And we seem to have a witness to that. It is not exactly legal, I grant you. But this other signer is known to some of us here; you know him yourself, you tell us, to be a person of unassailable veracity.

We will have him in.” Then it was that the amplifiers began to call the reporter’s name; he entered; he came forward while they watched him. The secretary extended the note towards him. (“Jesus,” the reporter thought, “they must have sent a ship over for Marchand.”)

“Will you examine this?” the secretary said.
“I know it,” the reporter said.

“Will you state whether or not you and Mr. Shumann signed it in each other’s presence and in good faith?” The reporter looked about, at the faces behind the table, at Shumann sitting with his head bent a little and at Ord half-risen, glaring at him. After a moment Shumann turned his head and looked quietly at him.

“Yes,” the reporter said. “We signed it.”

“There you are,” Feinman said. He rose. “That’s all. Shumann has possession; if Ord wants any more to be stubborn about it we will just let him run to town and see if he can get back with a writ of replevin before time for the race.”

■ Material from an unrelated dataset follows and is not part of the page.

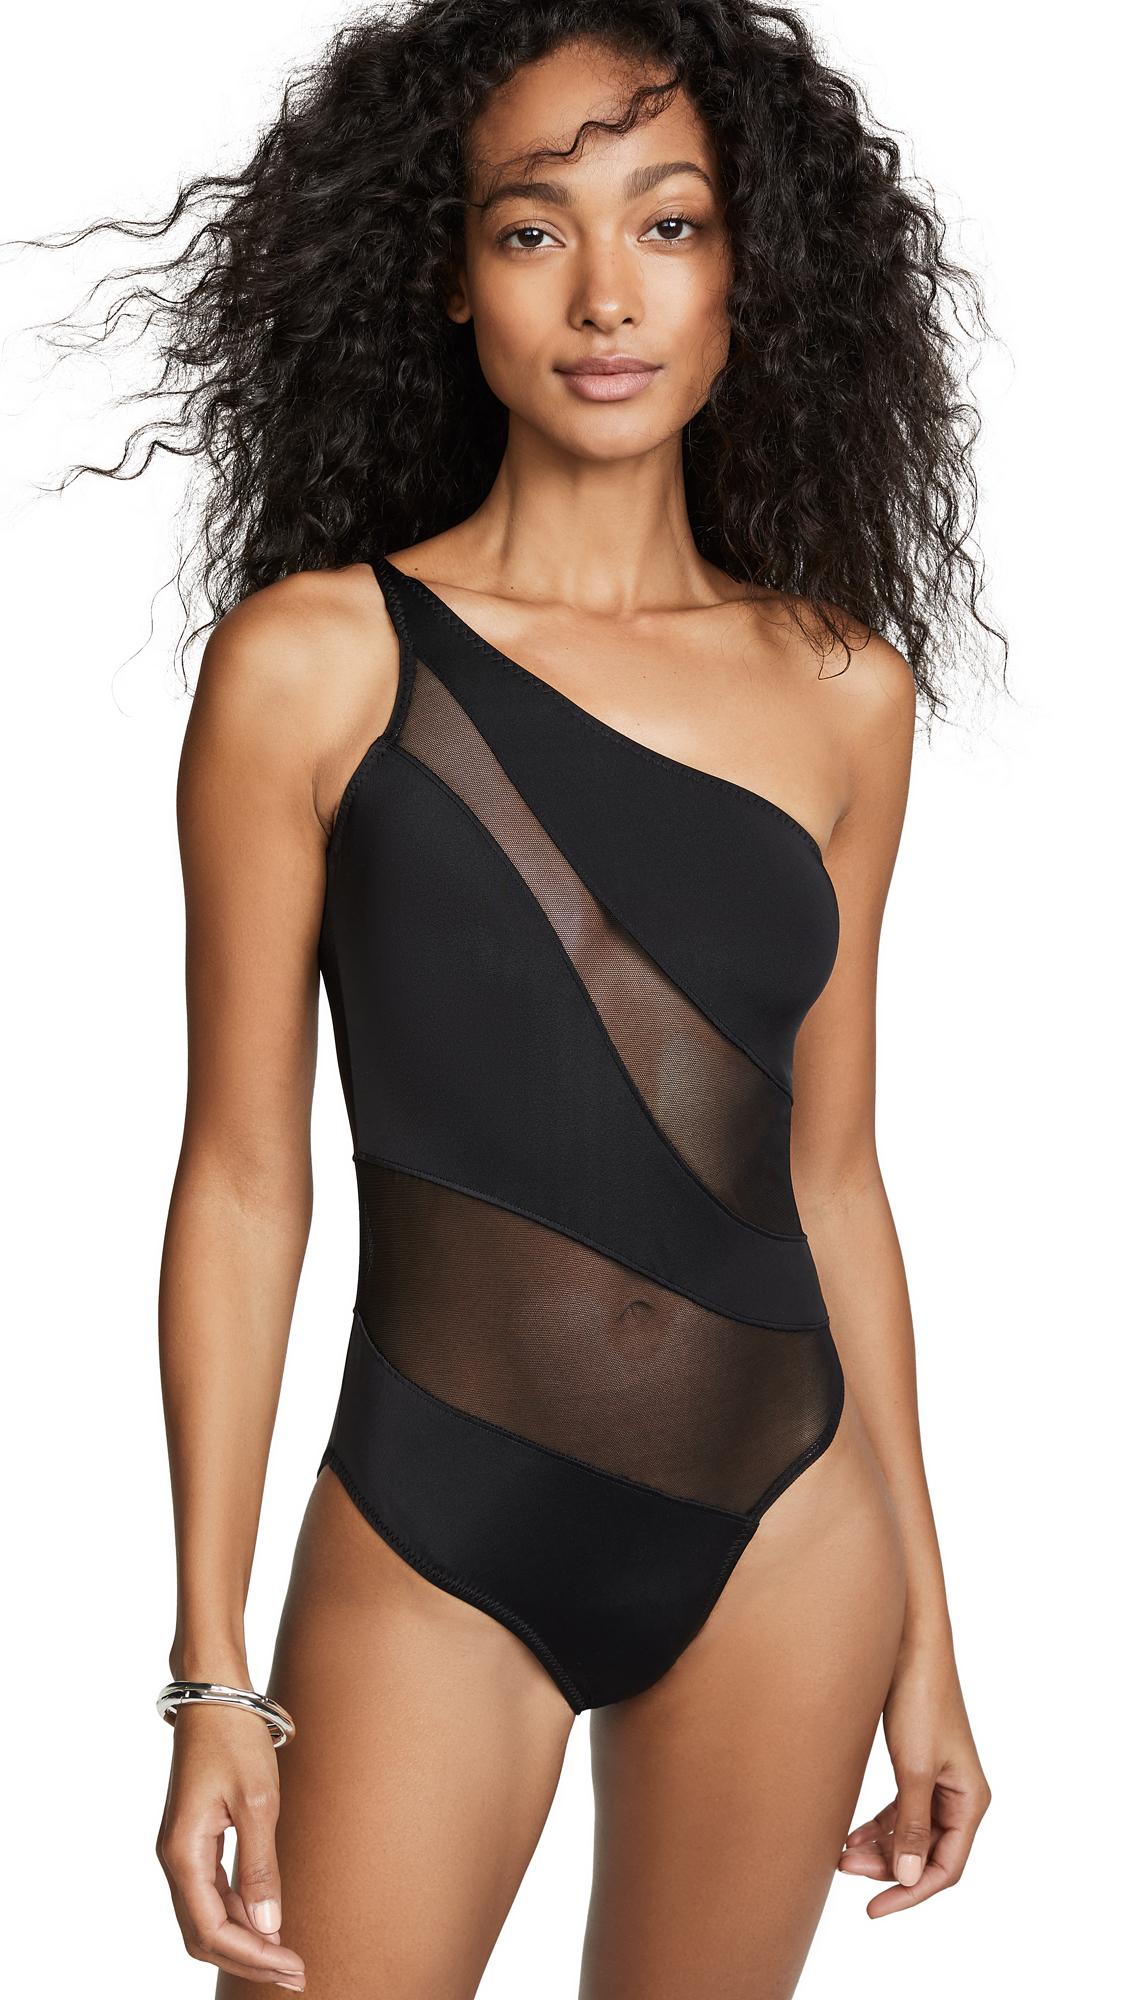 97239c639fda Norma Kamali Swimsuits and Bikinis | Norma Kamali Women's Swimwear ...

“But he can’t enter it!” Ord said. “It ain’t qualified.” Feinman paused long enough to look at Ord for a second with impersonal inscrutability.

“Speaking for the citizens of Franciana who donated the ground and for the citizens of New Valois that built the airport the race is going to be run on, I will waive qualifications.”
“You can’t waive the A.A.A.,” Ord said. “You can’t make it official if he wins the whole damn meet.”

“Then he will not need to rush back to town to pawn a silver cup,” Feinman said. He went out; the others rose from the table and followed. After a moment Ord turned quietly to Shumann.
“Come on,” he said. “We’d better check her over.”

The reporter did not see them again. He followed them through the rotunda, through the amplifier’s voice and through the throng at the gates, or so he thought because his police card had passed him before he remembered that they would have had to go around to reach the apron.

But he could see the aeroplane with a crowd standing around it. The woman had forgotten too that Shumann and Ord would have to go around and through the hangar; she emerged again from the crowd beneath the bandstand. “So they did it,” she said. “They let him.”

“Yes. It was all right. Like I told you.”
“They did it,” she said, staring at him, yet speaking as though in amazed soliloquy. “Yes. You fixed it.”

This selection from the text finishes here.